Por otra parte, Perros de paja es un testimonio subjetivo absolutamente desolador del propio Peckinpah. Hay artistas para los que el acto de crear es algo tan visceral, tan urgente, tan vitalmente necesario, que el espectador que lo capte sentirá una emoción tan fuerte como incómoda. Es la propia supervivencia del creador lo que está en juego. Me pregunto si nosotros, como simples espectadores, tenemos derecho a opinar desde nuestra cómoda perspectiva. Existen obras en las que los artistas intentan sobrevivirse a ellos mismos, a su propia desesperación. Peckinpah es uno de ellos. Perros de paja nos habla de la condición humana, pero para llegar a ello recorre los tortuosos caminos de la subjetividad del artista. ¿Qué es la película sino una triste y demoledora exposición de las obsesiones del director, de su propia neurosis, de sus temores, de su desesperación, de su miedo, de su soledad, y sobre todo, de su absoluto desamparo como hombre a la intemperie? La película está magníficamente realizada, con una tensión conseguida hasta límites agobiantes, con un desarrollo que se palpa desde el inicio y en el que cada plano supone un nuevo matiz de presión subterránea, inquietud, amenaza latente. Tensión que existe mucho antes de comenzar la película, en el pasado de los personajes. Un diálogo medio en broma entre David y su mujer lleva dentro la carga inevitable de una insatisfacción contenida. O una forzada mueca humorística de ella con los ojos húmedos, un gesto nervioso de él, miradas de reproche, miradas suplicantes, búsquedas fugaces y desesperadas de una comunicación imposible.
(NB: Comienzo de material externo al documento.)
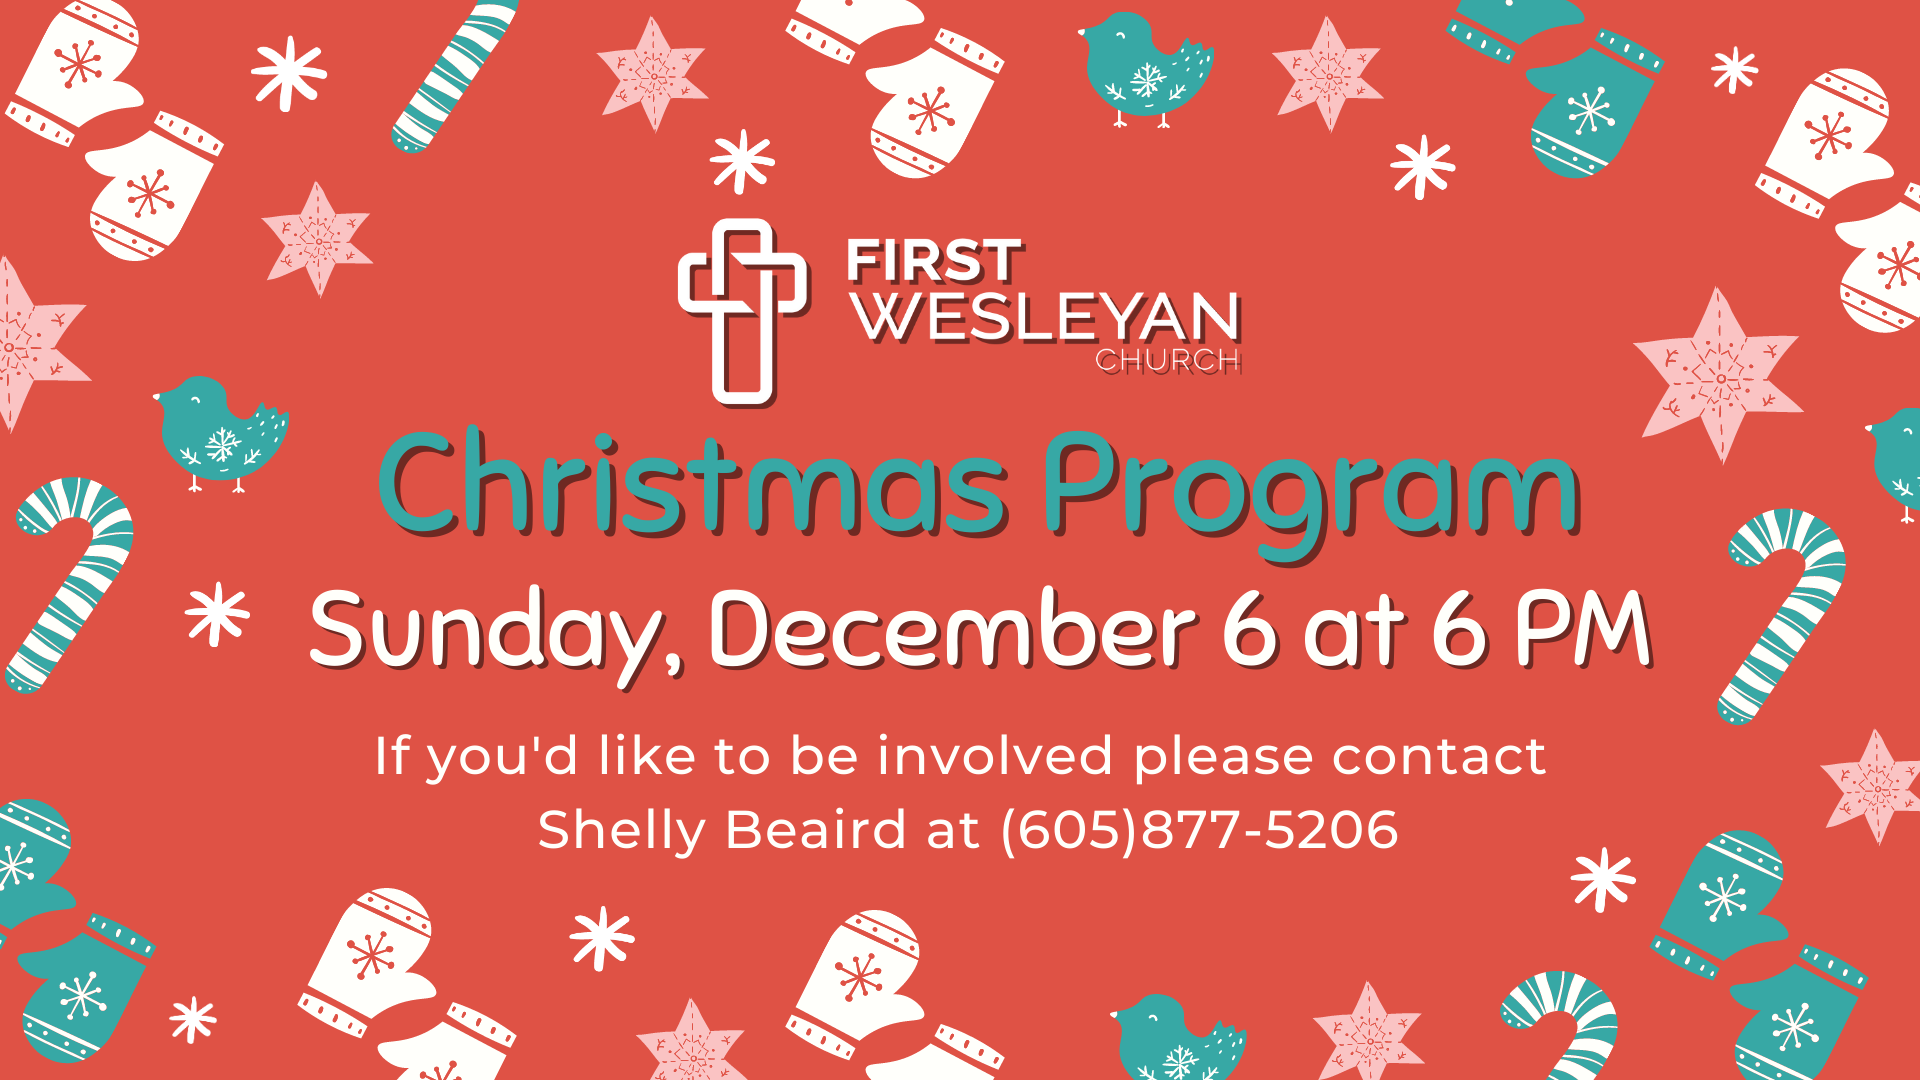 FWC Christmas Program First Wesleyan Church

Perros de paja podrá gustar o no (a mi me parece extraordinaria), pero difícilmente podrá dejar de impresionar o podrá parecer una película fallida o hecha con indiferencia. Es un filme sincero, impúdico, profundamente comprometido, desesperado y obsesivo, una dura prueba para el espectador porque en ella Peckinpah está metida en ella hasta la garganta. La opinión que nos merece importa menos que la evidencia de sus imágenes. Incluso Peckinpam puede desinteresarse de nuestros comentarios porque, si es verdad lo que digo Albert Camus de que “el sufrimiento no da derechos”, no menos verdad es lo que escribió Godard: “el que da un salto al vacío no tiene ya que rendir cuentas a aquellos que le contemplan”.
En la última escena, el loco del pueblo dice algo así como “No sé dónde está mi casa”. Y el protagonista, en el momento más desolador de la película, le contesta: “No se preocupe. Yo tampoco”.